Maddow weighed in on Sanders’ lack of support in the south, recalling his losses in the 2016 primary.

“He got crushed by Hillary Clinton in the South in 2016. He ran basically equal with her everywhere else in the country, except in the South where she just shellacked him,” she said. “That hasn’t changed.”

She went on to argue that the self-proclaimed democratic socialist got “walloped” in several states despite predictions that he would appeal to certain voting blocs.

“I mean, he just got walloped in South Carolina by 30 points with the best turnout yet. He has been walloped apparently tonight in Virginia and in North Carolina and in Alabama with these poll-closing calls, which means it’s not going to be close in any of those states,” Maddow observed.

“I thought Senator Sanders was adding to his likability and to, sort of, his range by really turning it up with Latino voters. But we are not seeing any sign of that at all in the South, and among black voters in particular,” she added.

Sharpton reminded the panel that “he lost the black vote” in the Nevada caucus last month, despite doing well with Latino voters.

Nicolle Wallace wondered if they had missed the obvious in ignoring Biden’s appeal to diverse communities, noting that “the handwriting’s been on the wall” about the 2020 hopeful’s chances according to polls.

“Biden’s been on top of every poll in South Carolina and in southern states for almost a year,” she said.

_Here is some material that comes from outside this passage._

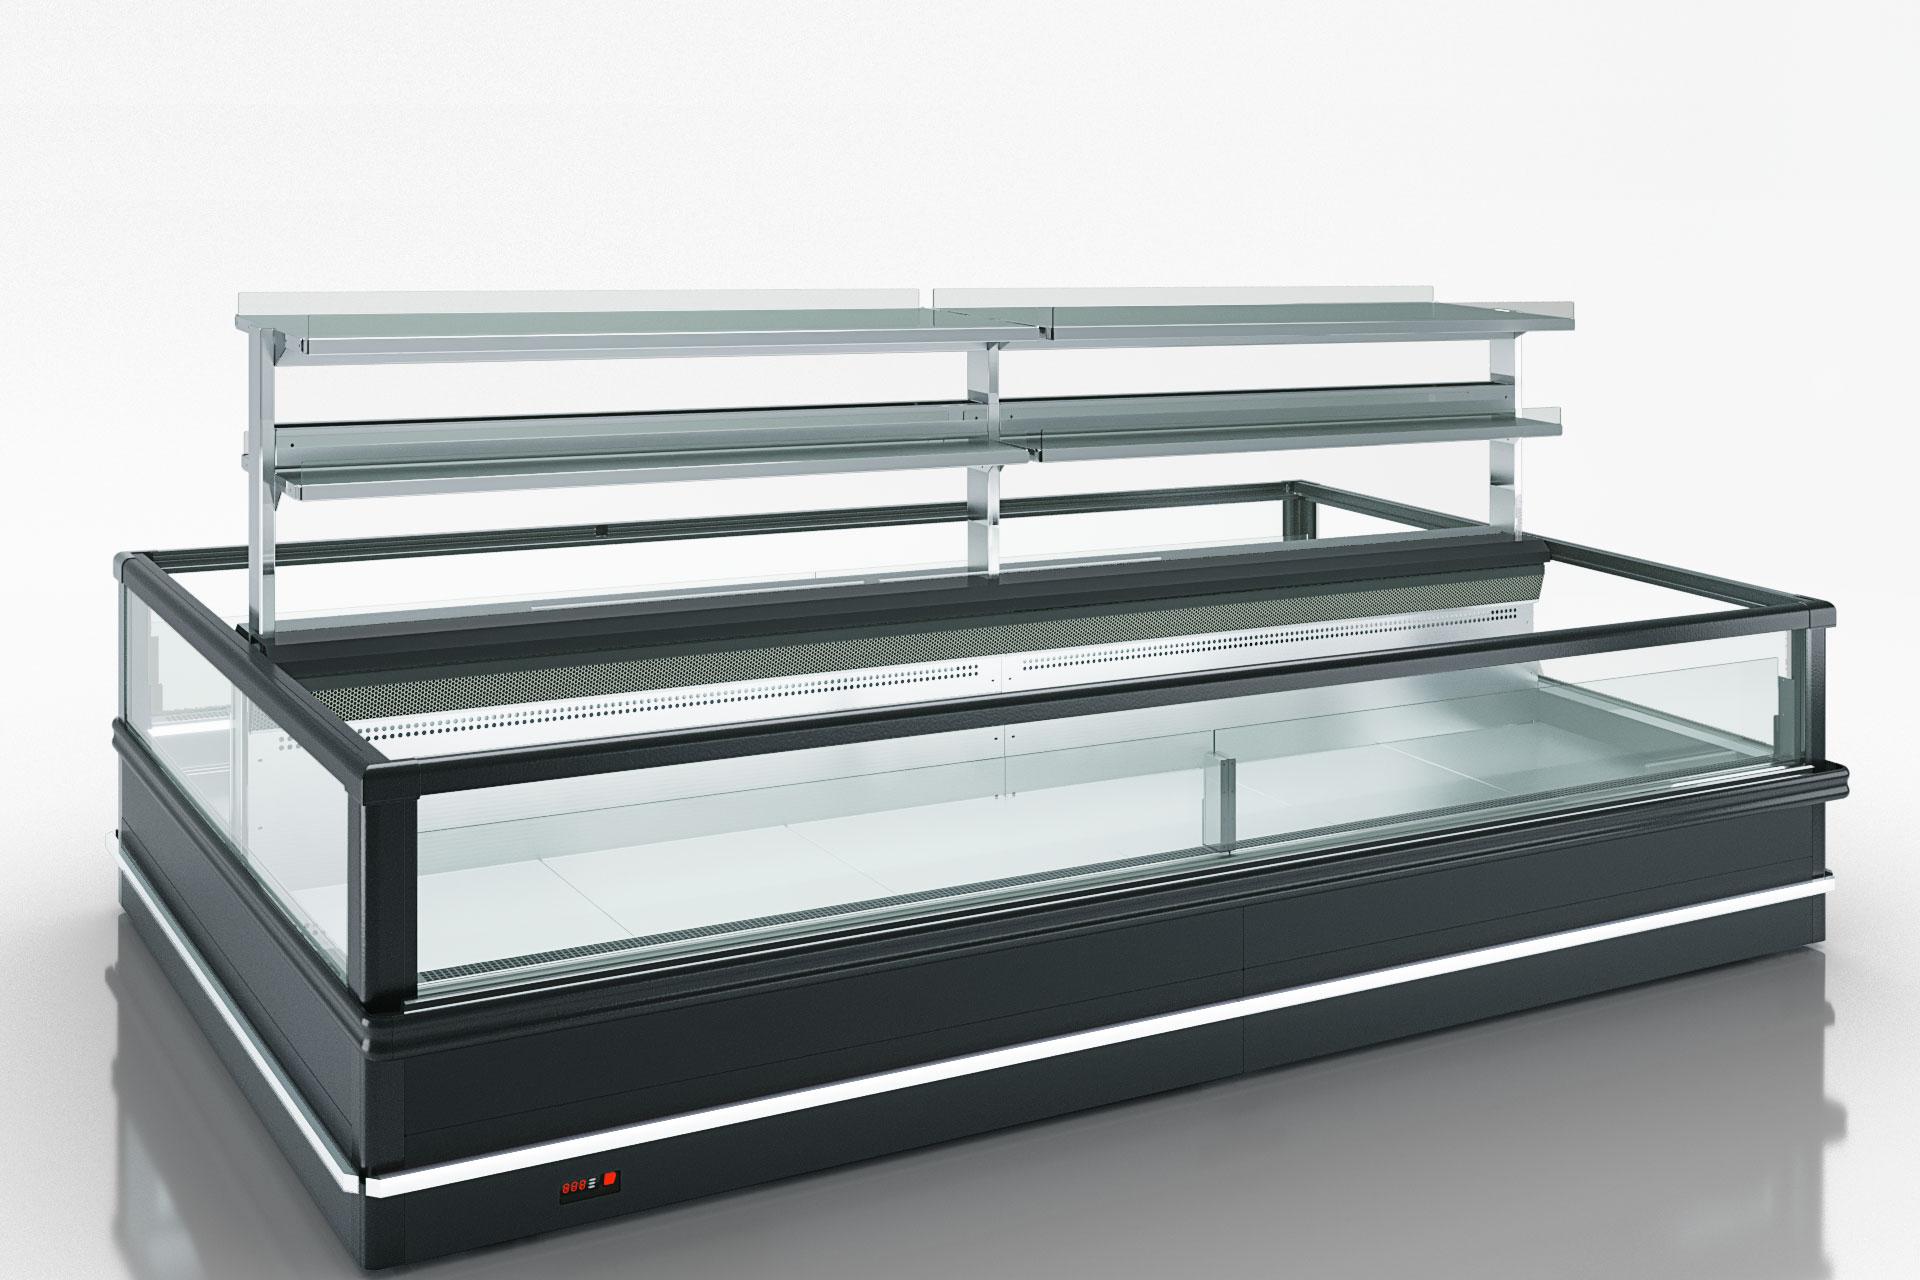 Витрина для замороженных продуктов 2 Yukon MH 200 LT О 088-DLM с суперструктурой
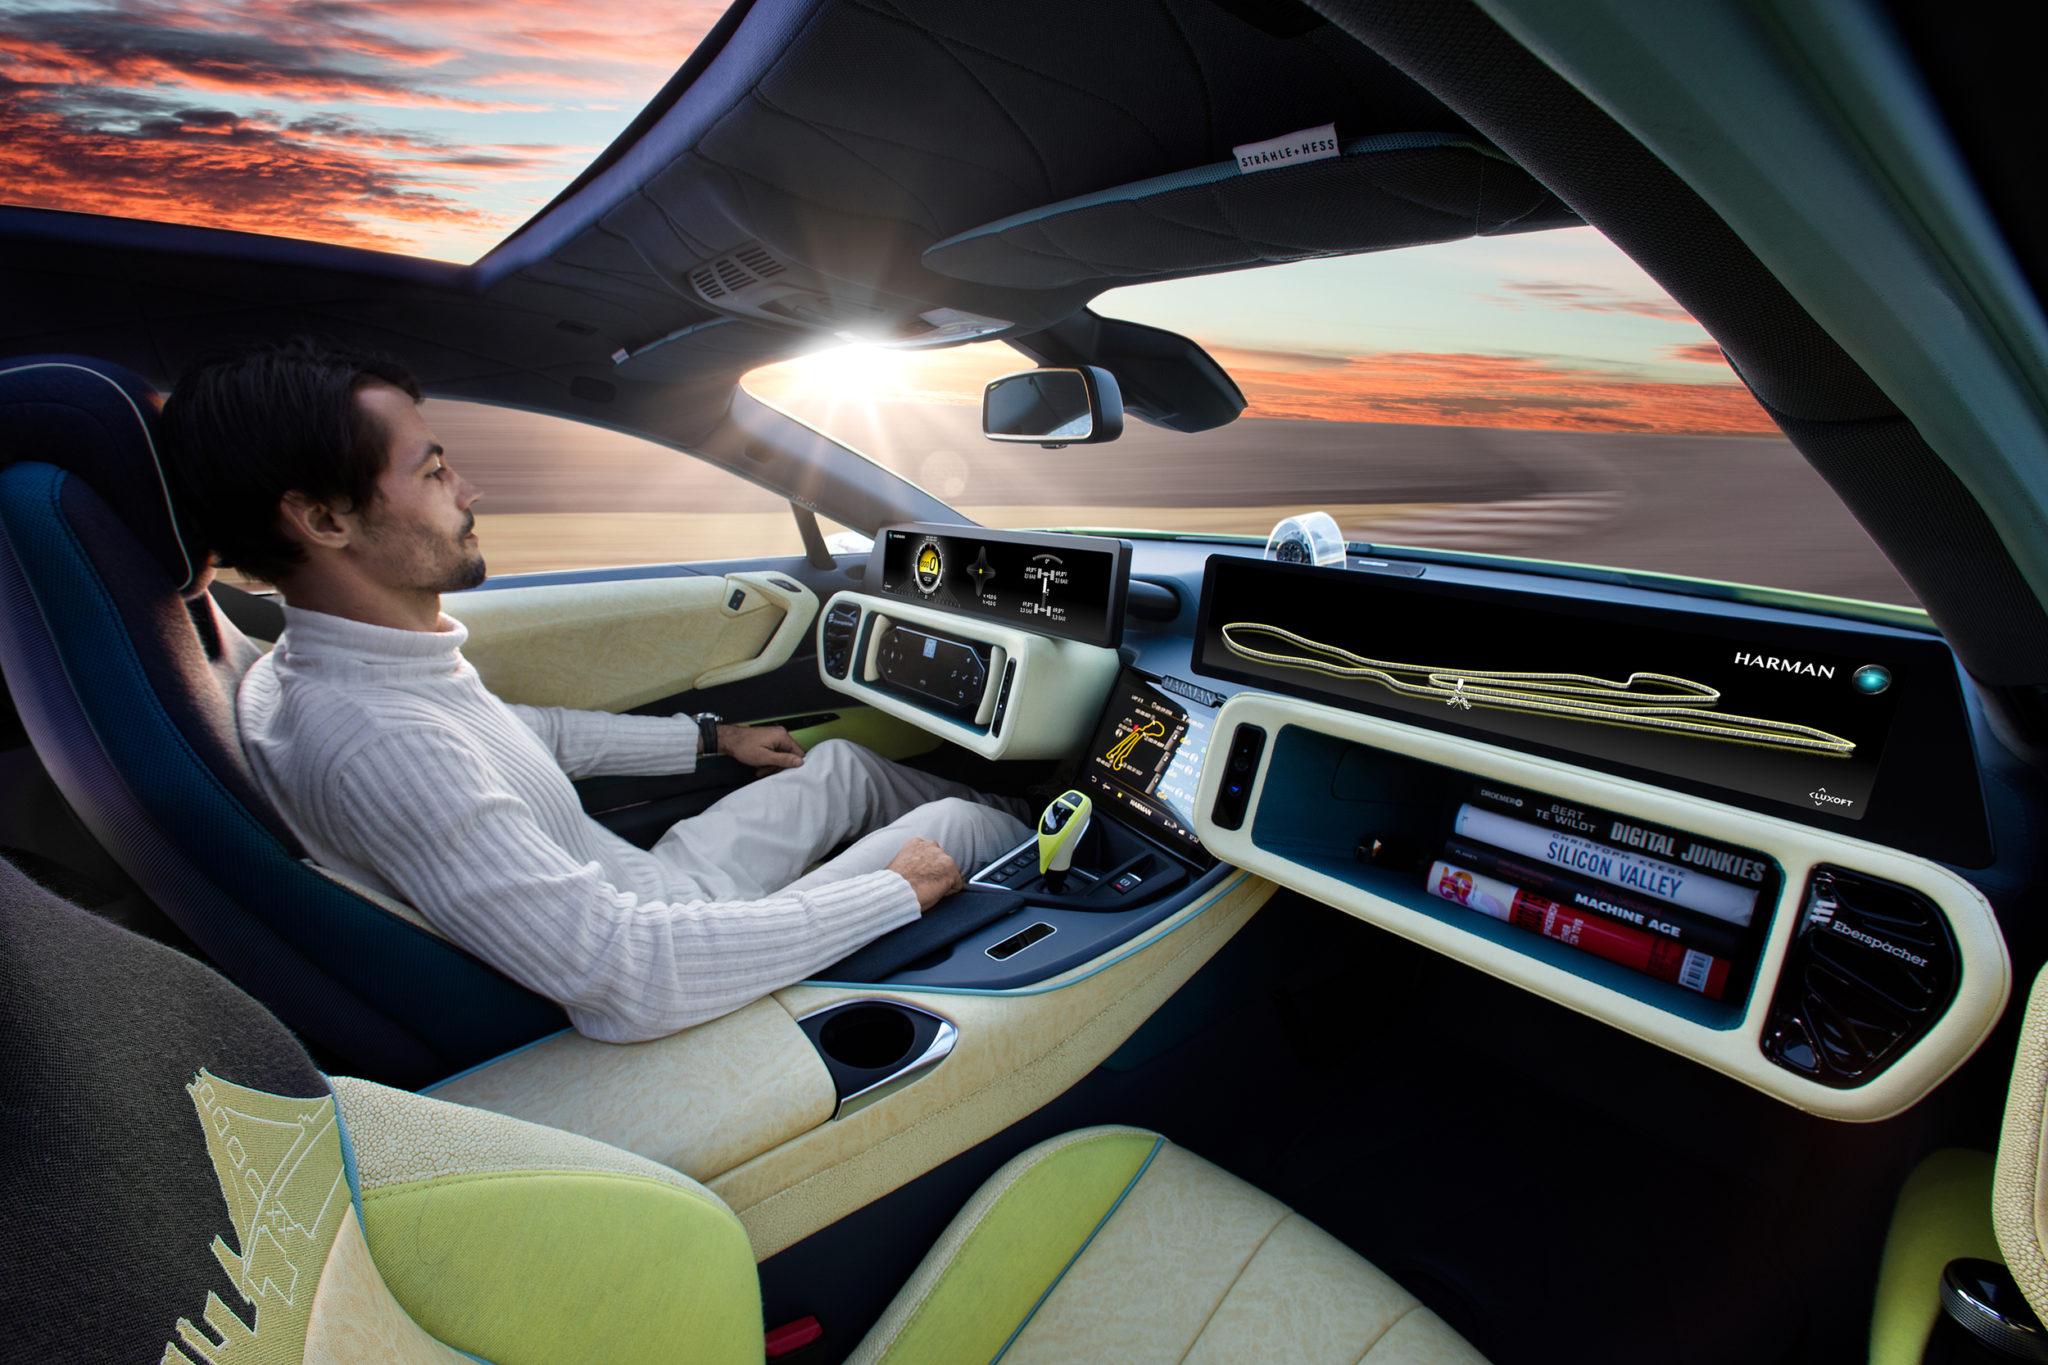 Топ 5 функций безопасности авто, без которых вам сложно будет обойтись в 2019 году

Ahead of the Super Tuesday voting, twice-failed Democratic presidential nominee Hillary Clinton shared some thoughts about Sanders with ABC’s Linsey Davis.

“I don’t think he’d be our strongest nominee, no, no,” Clinton said of her former 2016 primary rival.

“That’s what this primary process is about,” she added. “Let’s see who emerges, but for everybody voting today or in any of the contests ahead of time, the most important issue is who can defeat Donald Trump.”

Clinton, who has not officially endorsed a 2020 candidate, was asked about a potential brokered convention and laughed at Davis’ question on “Good Morning America.”

“My reaction is, let’s follow the rules,” she said. “We’ve got rules. We had rules last time and we have rules this time. I think it’s always a good idea to follow the rules. Everybody knew what they were when you got into it.”

Clinton also doubled down on her previous comments calling Sanders’ presidential campaign “baloney” and labeling the Vermont lawmaker a “career politician.”

“That was my authentic opinion then; it’s my authentic opinion now,” she said.